Before I Go to Sleep
By S.J. Watson
Similar to Flynn, S.J. Watson incorporates elements of trauma, identity, and memory into his work. These themes are at the forefront of Watson’s debut novel, Before I Go to Sleep, a New York Times bestseller. The novel centers on Christine Lucas, a middle-aged married woman who suffers from amnesia. Christine is working with a doctor to recover her memories, which she loses every night after she falls asleep. But as she pieces her broken life back together with the help of a secret journal, Christine begins to suspect that those around her aren’t telling the truth about her perplexing condition. Watson’s other two novels — Second Life and Final Cut — are thought-provoking psychological thrillers that Flynn fans are sure to like too.
All the Missing Girls
By Megan Miranda
Completing our list of authors like Gillian Flynn is Megan Miranda, the bestselling author of the YA Fracture series as well as a handful of very good stand-alone adult mystery novels.

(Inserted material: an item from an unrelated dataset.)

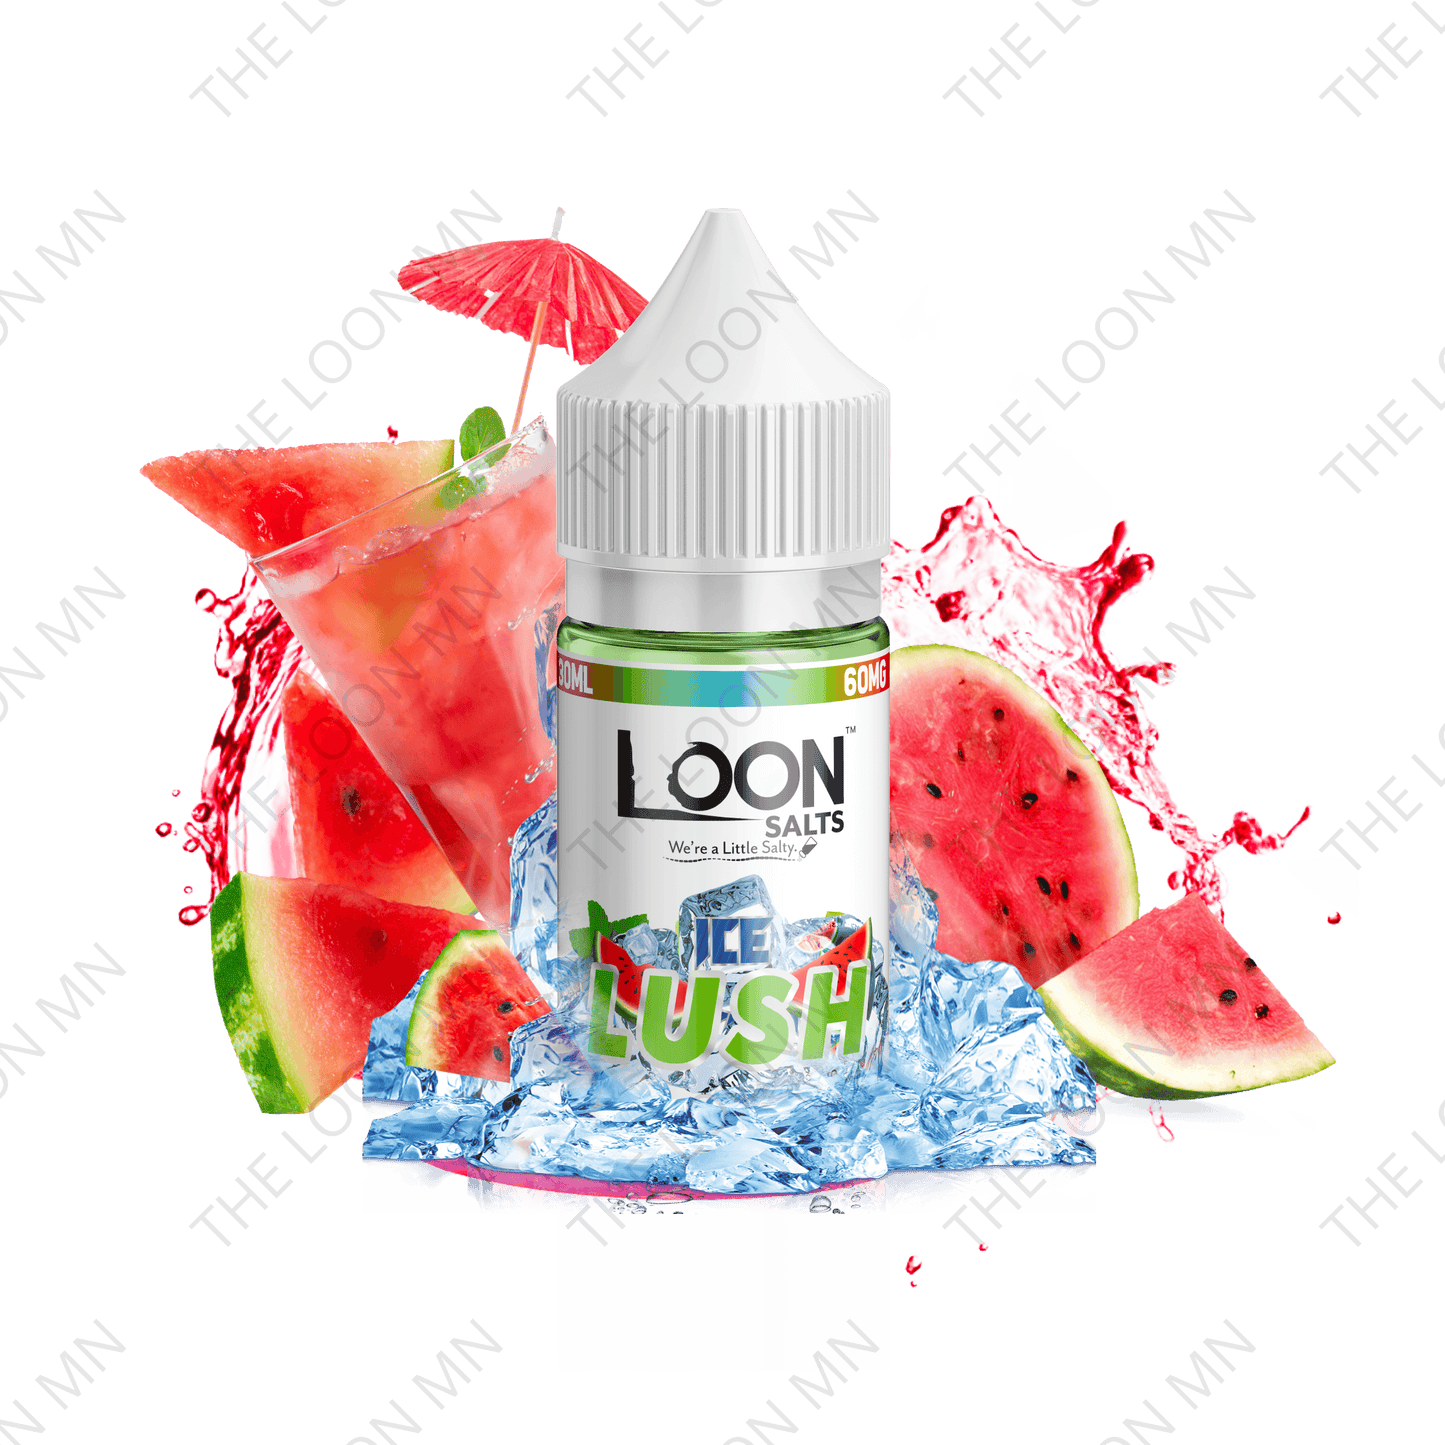 LOON SALTS - ICED LUSH - THE LOON

Both Flynn and Miranda center their work on complicated women and highlight the search for the truth amid the darkness. In Flynn’s Sharp Objects, the main character is a journalist whose inner demons and unresolved family drama bubble to the surface as she investigates a double murder in her hometown. Miranda unfolds an equally compelling narrative in All The Missing Girls. The novel centers on Nicolette “Nic” Farrell. A decade ago, Nic escaped her rural hometown after her best friend vanished without a trace; now she’s back to care for her ailing father and reconnect with her estranged loved ones. Soon after her arrival, however, a close neighbor disappears, reviving buried traumas and plunging Nic back into a deepening mystery.